Task objective
Once the line containing "Maritas armbåge blev" is found, return it and every line that follows, up to and including the final line of the material, exactly as written.

Supplied entries
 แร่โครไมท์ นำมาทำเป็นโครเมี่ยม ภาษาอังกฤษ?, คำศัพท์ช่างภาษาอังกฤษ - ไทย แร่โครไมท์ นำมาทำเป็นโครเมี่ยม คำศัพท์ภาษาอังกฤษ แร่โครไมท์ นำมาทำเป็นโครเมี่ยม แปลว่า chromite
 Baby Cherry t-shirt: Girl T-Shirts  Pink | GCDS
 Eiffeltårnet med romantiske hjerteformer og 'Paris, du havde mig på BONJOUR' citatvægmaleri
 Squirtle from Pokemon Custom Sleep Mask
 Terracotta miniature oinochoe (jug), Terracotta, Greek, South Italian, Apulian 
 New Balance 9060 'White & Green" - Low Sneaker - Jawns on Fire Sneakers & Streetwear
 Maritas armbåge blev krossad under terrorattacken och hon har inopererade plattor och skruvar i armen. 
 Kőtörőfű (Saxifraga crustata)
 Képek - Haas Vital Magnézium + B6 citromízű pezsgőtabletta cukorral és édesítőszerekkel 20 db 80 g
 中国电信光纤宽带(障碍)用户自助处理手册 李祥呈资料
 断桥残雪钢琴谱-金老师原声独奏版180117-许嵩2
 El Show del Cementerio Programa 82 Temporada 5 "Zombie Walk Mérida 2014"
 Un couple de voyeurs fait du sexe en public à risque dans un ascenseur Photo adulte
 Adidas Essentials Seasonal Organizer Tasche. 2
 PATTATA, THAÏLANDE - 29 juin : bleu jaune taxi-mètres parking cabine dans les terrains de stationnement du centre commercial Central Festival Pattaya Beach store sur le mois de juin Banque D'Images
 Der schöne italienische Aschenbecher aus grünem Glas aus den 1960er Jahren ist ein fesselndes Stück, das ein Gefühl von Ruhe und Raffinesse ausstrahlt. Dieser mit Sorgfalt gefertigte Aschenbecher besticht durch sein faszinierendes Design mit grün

Answer for the task
 Maritas armbåge blev krossad under terrorattacken och hon har inopererade plattor och skruvar i armen. 
 Kőtörőfű (Saxifraga crustata)
 Képek - Haas Vital Magnézium + B6 citromízű pezsgőtabletta cukorral és édesítőszerekkel 20 db 80 g
 中国电信光纤宽带(障碍)用户自助处理手册 李祥呈资料
 断桥残雪钢琴谱-金老师原声独奏版180117-许嵩2
 El Show del Cementerio Programa 82 Temporada 5 "Zombie Walk Mérida 2014"
 Un couple de voyeurs fait du sexe en public à risque dans un ascenseur Photo adulte
 Adidas Essentials Seasonal Organizer Tasche. 2
 PATTATA, THAÏLANDE - 29 juin : bleu jaune taxi-mètres parking cabine dans les terrains de stationnement du centre commercial Central Festival Pattaya Beach store sur le mois de juin Banque D'Images
 Der schöne italienische Aschenbecher aus grünem Glas aus den 1960er Jahren ist ein fesselndes Stück, das ein Gefühl von Ruhe und Raffinesse ausstrahlt. Dieser mit Sorgfalt gefertigte Aschenbecher besticht durch sein faszinierendes Design mit grün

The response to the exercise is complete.